Extracted information:

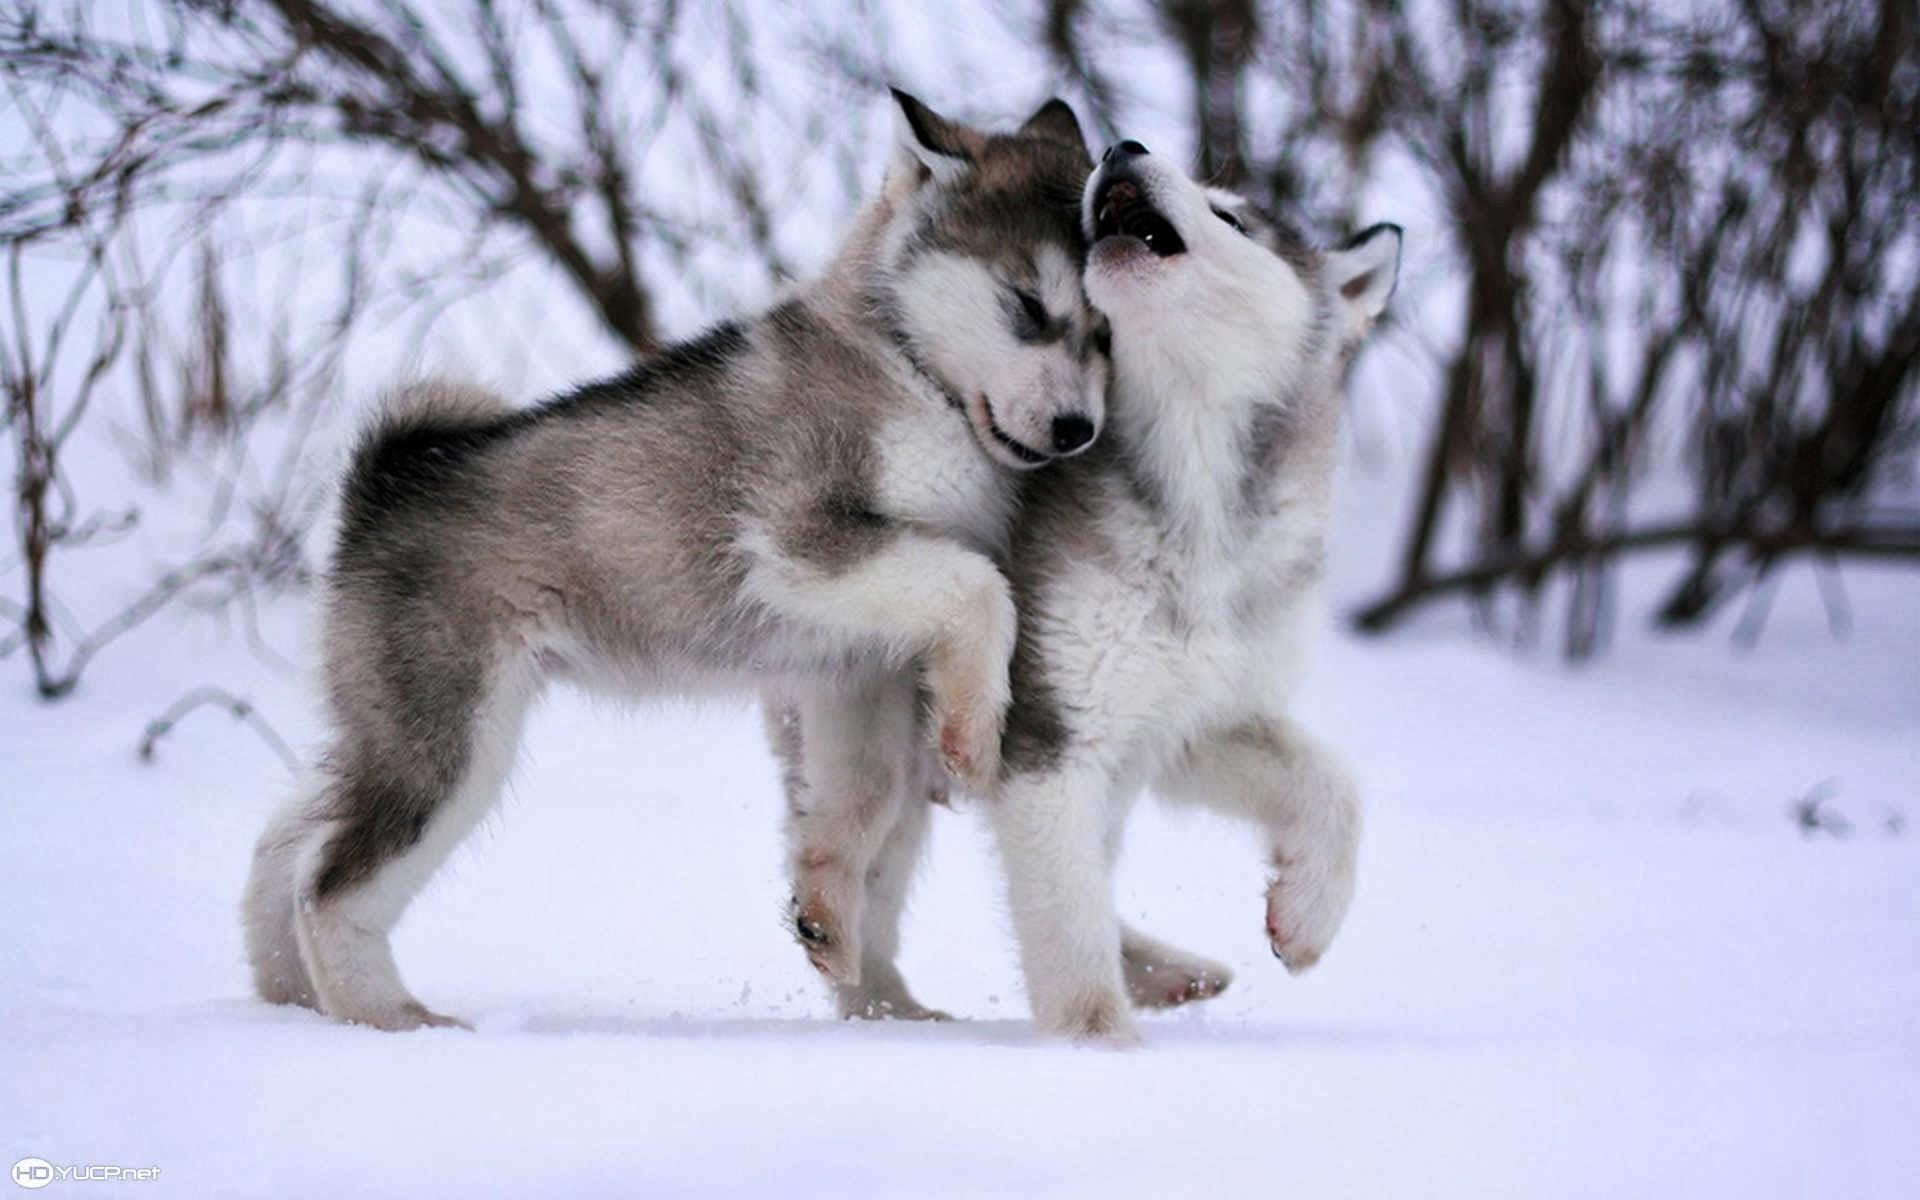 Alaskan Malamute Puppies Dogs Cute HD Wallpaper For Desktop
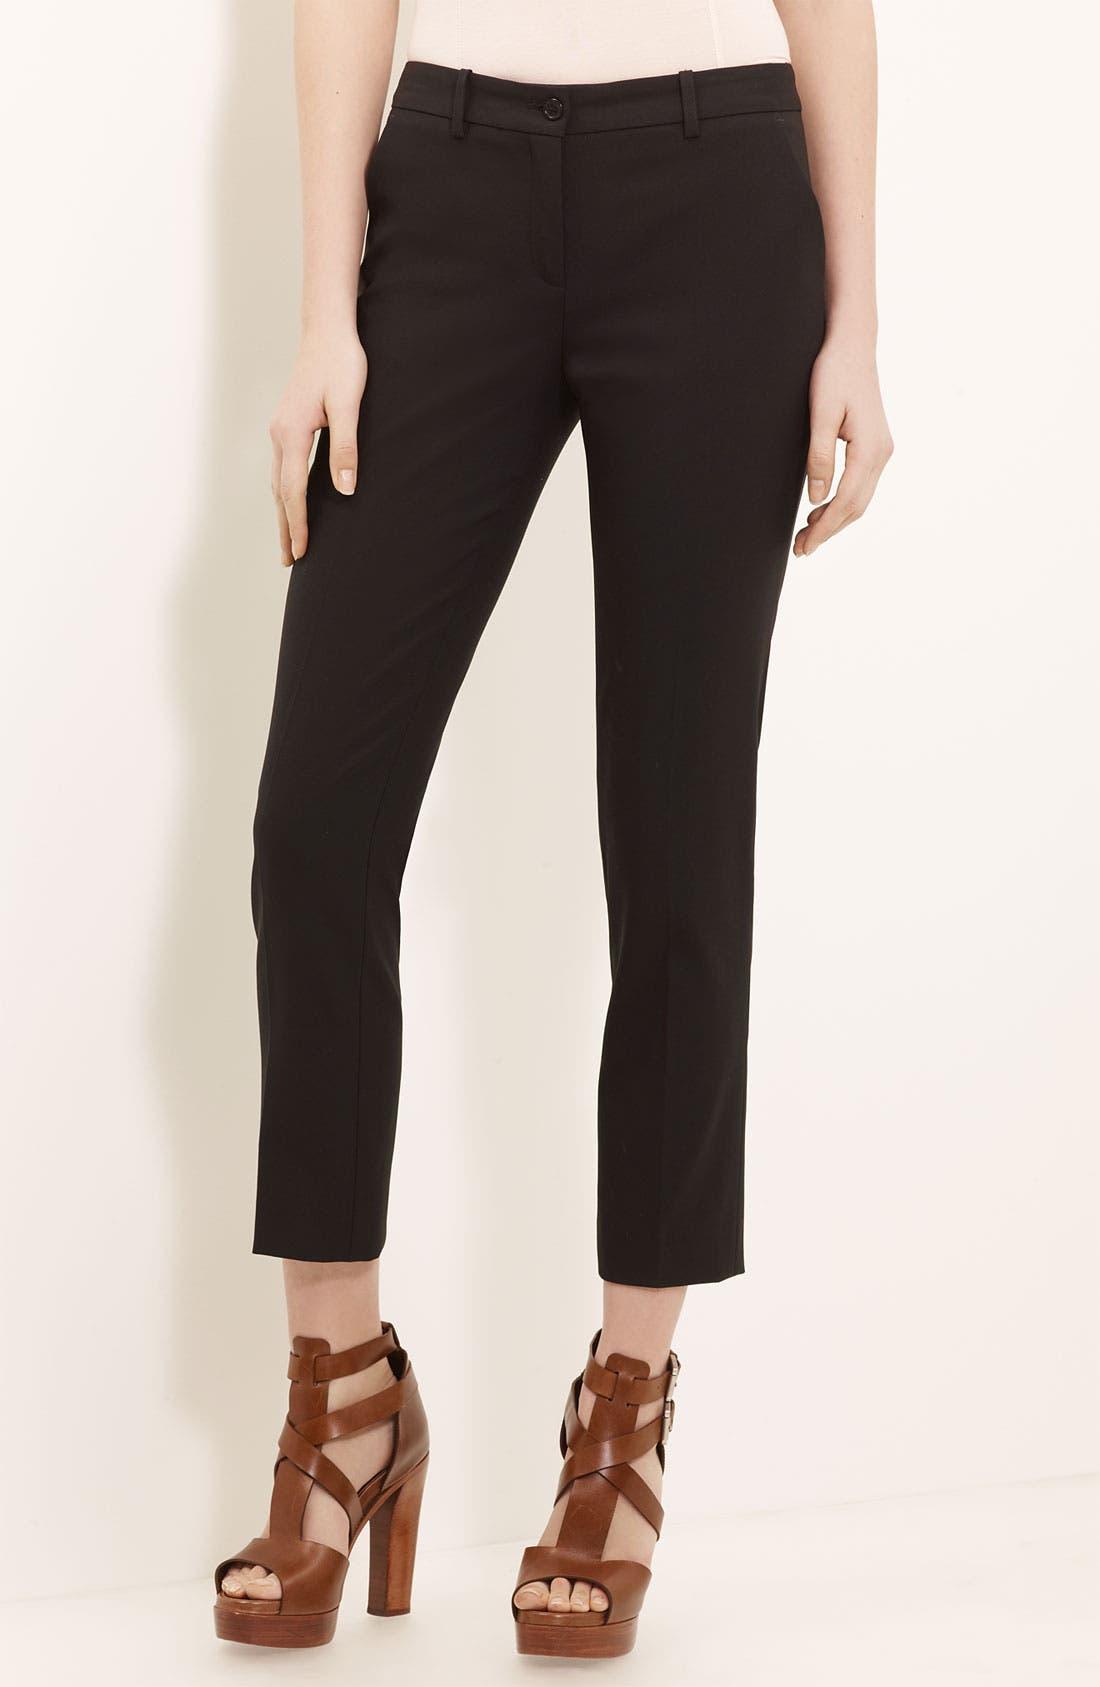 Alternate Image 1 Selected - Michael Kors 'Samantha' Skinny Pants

...

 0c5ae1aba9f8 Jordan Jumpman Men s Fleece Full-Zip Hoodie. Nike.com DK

Exercise objective:
Using the data above, which lines fall from the one with "Alaskan Malamute Puppies" through the one with "Alternate Image 1"? Repeat them exactly, ends included, minus any pictures.

Result:
 Alaskan Malamute Puppies Dogs Cute HD Wallpaper For Desktop
 Alternate Image 1 Selected - Michael Kors 'Samantha' Skinny Pants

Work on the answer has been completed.